Звук доносился не из одного места, а окружал охотника. То справа – «чавк». То позади – «чавк». То прямо из-под ног – «чавк», будто земля тоже лизала нечто невидимое, что только что упало с неба или вырвалось из груди.
Степан не дышал. Сердце его билось так тихо, что, казалось, даже оно боялось шевельнуться. Потому, что до него дошло: это не еда, а ритуал. И каждый «чавк» – это имя. Прозвание того, кто уже в пирамиде, того, кто будет следующим. И, может быть, его собственное имя – уже на языке у Неё.
Неожиданно чавканье прекратилось. Оборвалось. Резко, как натянутая струна под ножом. И в тот же миг вся тишина мира обрушилась на Степана, как мешок с мокрым песком.
Это была абсолютная пустота. Та, что появляется только в склепах, в глубинах болот, в паузах между ударами сердца перед смертью. Даже лес перестал дышать. Даже ветер забыл своё имя. Даже вороны, что кружили над Выгорью ещё утром, теперь молчали, точно их клювы зашили чёрной нитью.
И в этом беззвучии – только одно. Бешеный, молотящий стук его собственного сердца. Не в груди – в ушах, в висках, в зубах.
Оно билось так яростно, так отчаянно, словно пыталось вырваться наружу сквозь рёбра. Как зверь из клетки, чувствующий, что за стеной – свобода.
«Ш-шчто… Наш-шёл… лис-су…» – раздалось в голове язвительным шёпотом.
И тотчас ужас наконец вырвался наружу, как звериный инстинкт, вшитый в плоть ещё до рождения. Паника, которая знает: разум – роскошь для тех, кто ещё жив.
Степан не помнил, как отступил, как споткнулся о корень, что торчал из земли. Забыл, как упал на колени, вдавив ладони в пепельную землю, которая не пахла ни тленом, ни гнилью, а чем-то сладковатым и мертвенным – как высохшая слеза.
Он не осознавал, как поднялся. В память врезался только животный рык, низкий, хриплый, душераздирающий. Вопль, вырвавшийся из горла, будто он не человек, а загнанный волк.
Охотник, привыкший терпеливо выслеживать добычу, храбро сражаться с обезумевшим раненым зверем, трусливо спасался бегством. От тишины. От пирамиды. От того места, где воздух стал плотью, а тени – зубами.
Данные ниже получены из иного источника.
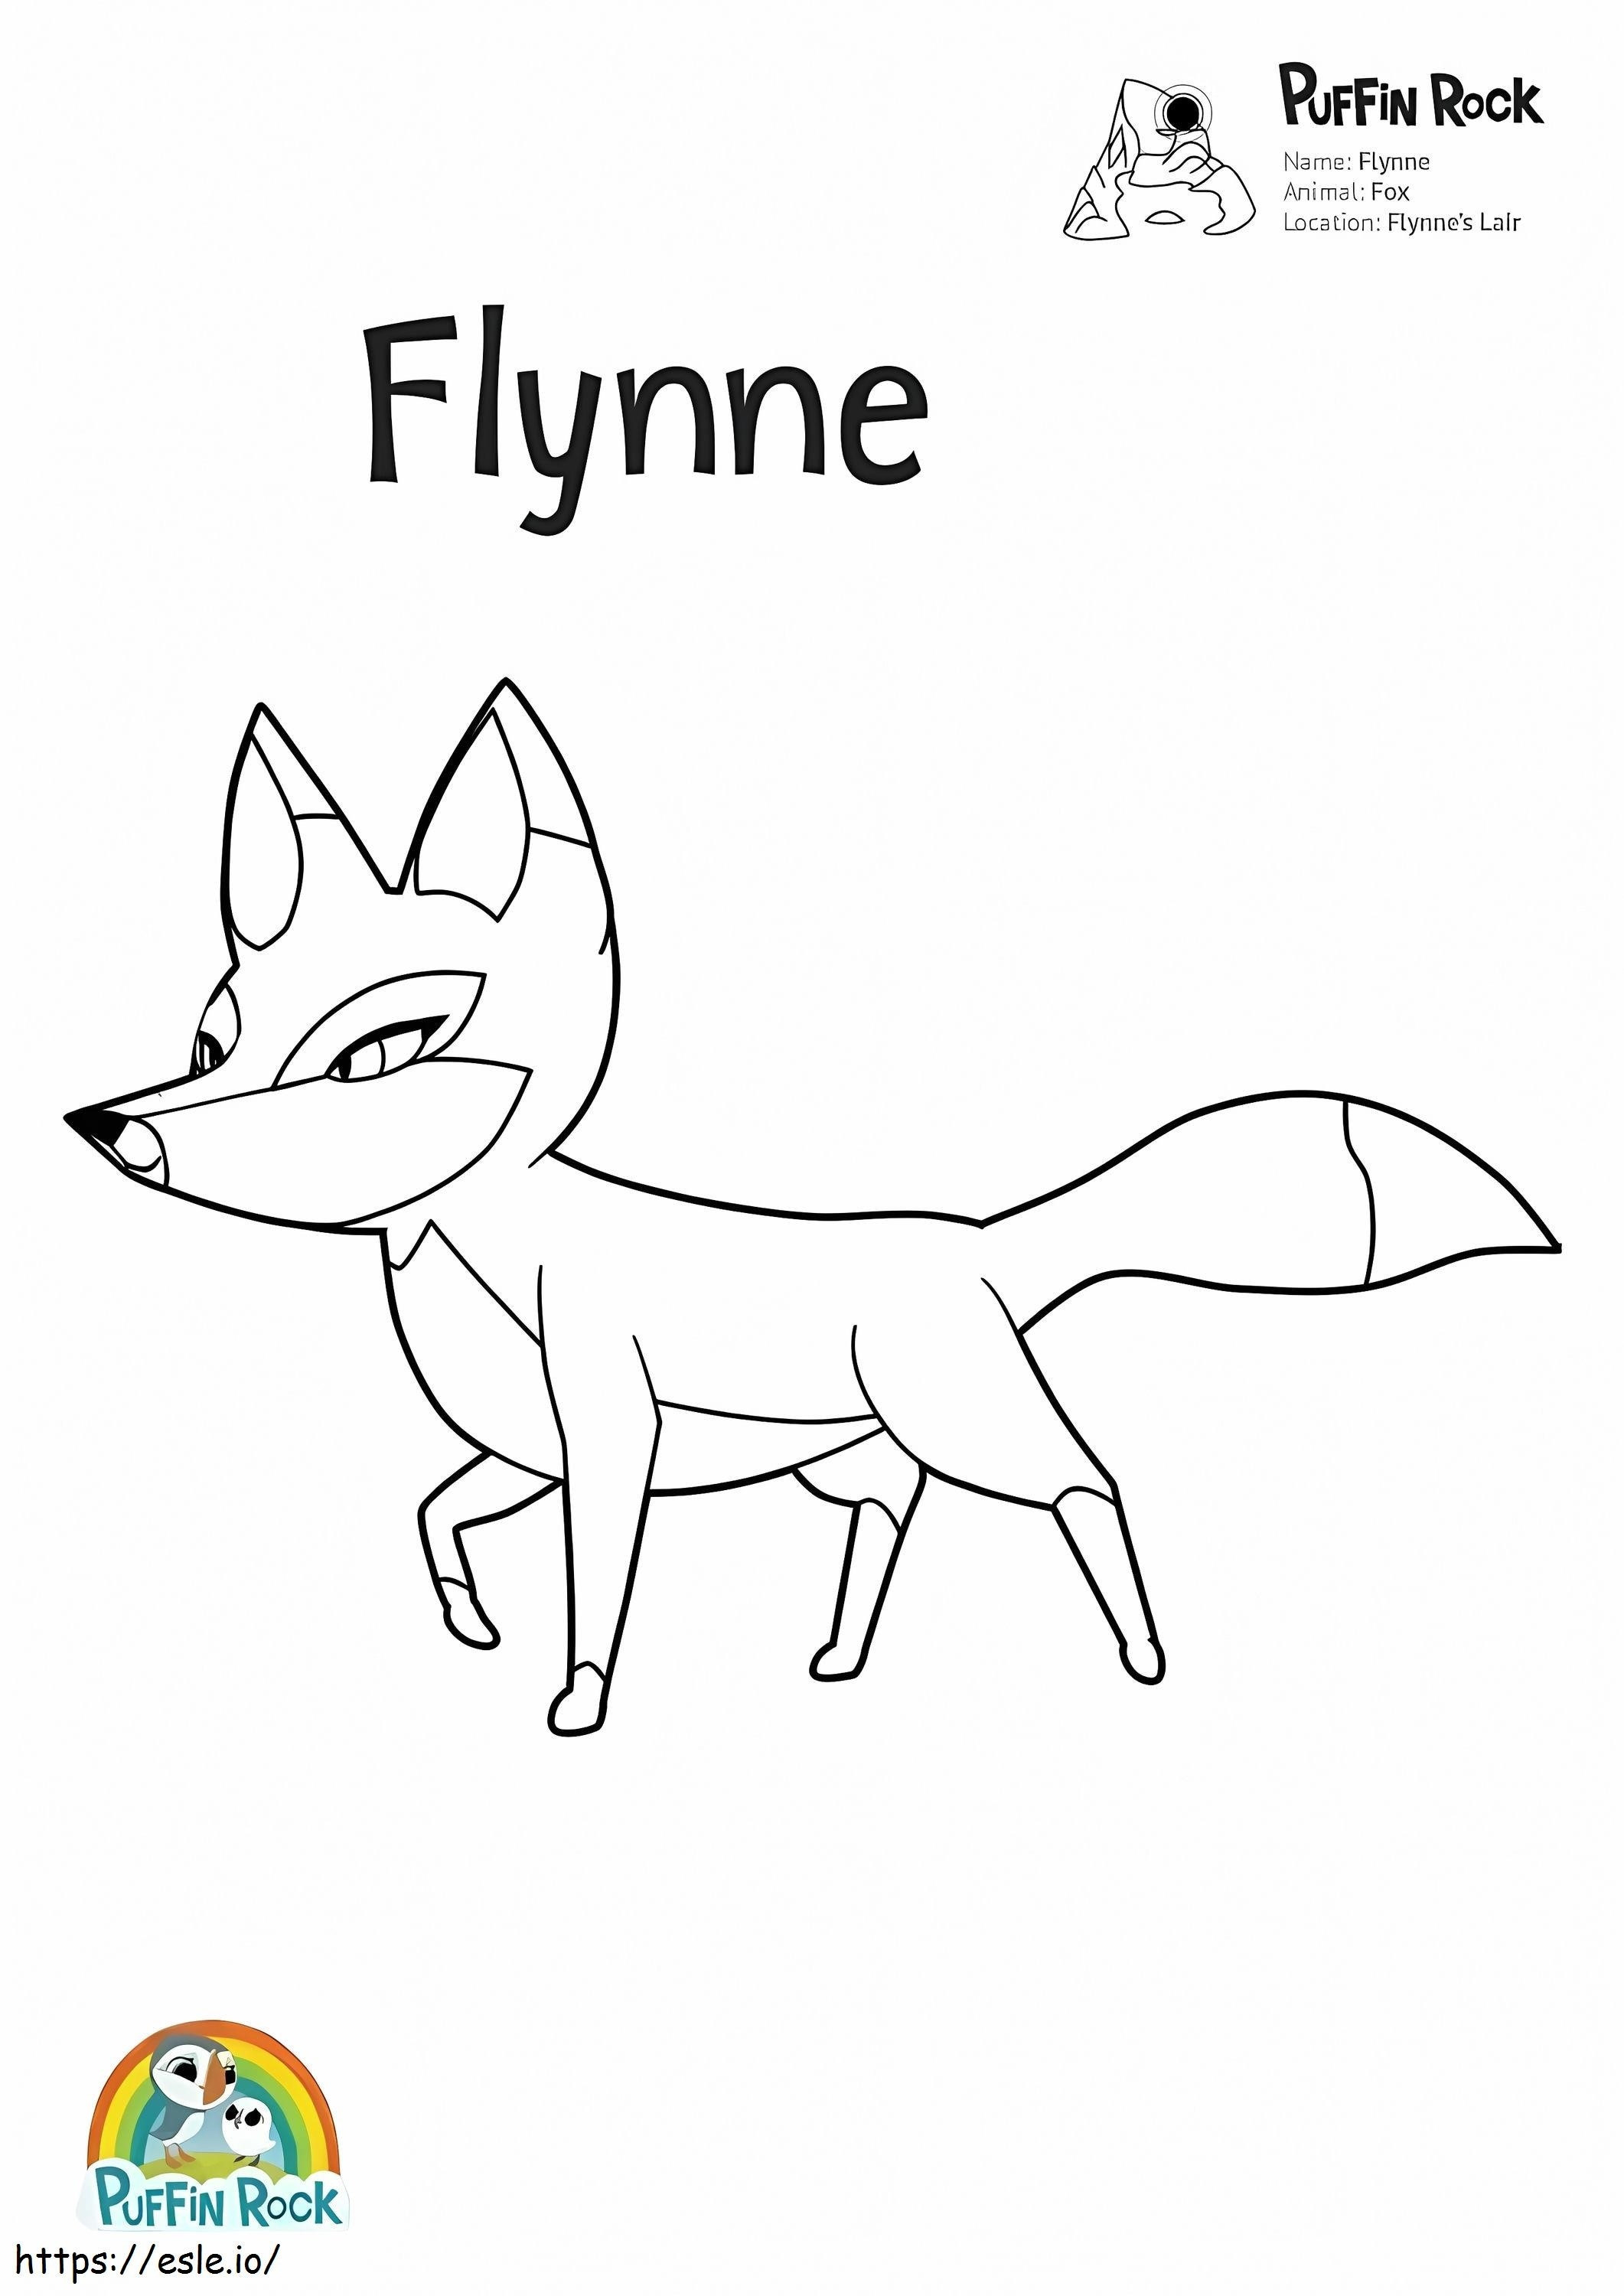  Puffin Rock Flynne 001. oldal kifestő

Он мчался, не разбирая дороги, не замечая деревьев, не чувствуя прутьев, хлеставших по лицу, как кнуты. Ветки царапали кожу, но он не испытывал боли в этот момент. Одна только мысль, горящая в черепе, как раскалённый гвоздь, засела в сознании:
«Прочь! Только прочь! Пока Она не решила, что я уже дома. Что моё место в её алтаре черепов!»
Но даже при побеге, даже с колотящимся на износ сердцем – он понимал: Она не отпустит. Потому, что ужас, однажды увидевший тебя в глаза, всегда знает, куда ты бежишь.
Он вывалился на окраину Бездворья, как выброшенный из пасти зверя кусок мяса – живой, но уже едва ли целый. Туман, густой и липкий, как слизь болотного духа, начал редеть, словно сам отступал, не желая касаться земли, где жили люди. Но Степан знал: это не спасение, а лишь передышка. Как та, что дают перед казнью.
Он упал на колени у первого же забора – покосившегося, полусгнившего, с досками, почерневшими от времени и чего-то ещё, что не смывает ни дождь, ни снег. Забор, который стоял здесь ещё во времена его предков.
И тогда его стошнило. Не едой – в желудке давно не было ничего, кроме страха. Нет. Из него хлынула горькая, вязкая желчь – жёлтая, как старый воск свечи в заброшенной церкви; прогорклая, как правда, которую он не хотел знать. Она обожгла горло, залила подбородок и капала на мёрзлую землю. А та впитывала её молча, будто принимала подаяние.
Степан зарыдал. Не как мужчина. Не как охотник, привыкший к крови и холоду. А как ребёнок, рассмотревший в щели двери то, что нельзя видеть. Слёзы, сопли, слюна – всё смешалось на его лице, стекало по щетине, капало на тонкий слой недавно выпавшего снежка, что был прощальным подарком зимы в апреле. Они оставляли на его белом покрывале тёмные пятна, похожие на глаза.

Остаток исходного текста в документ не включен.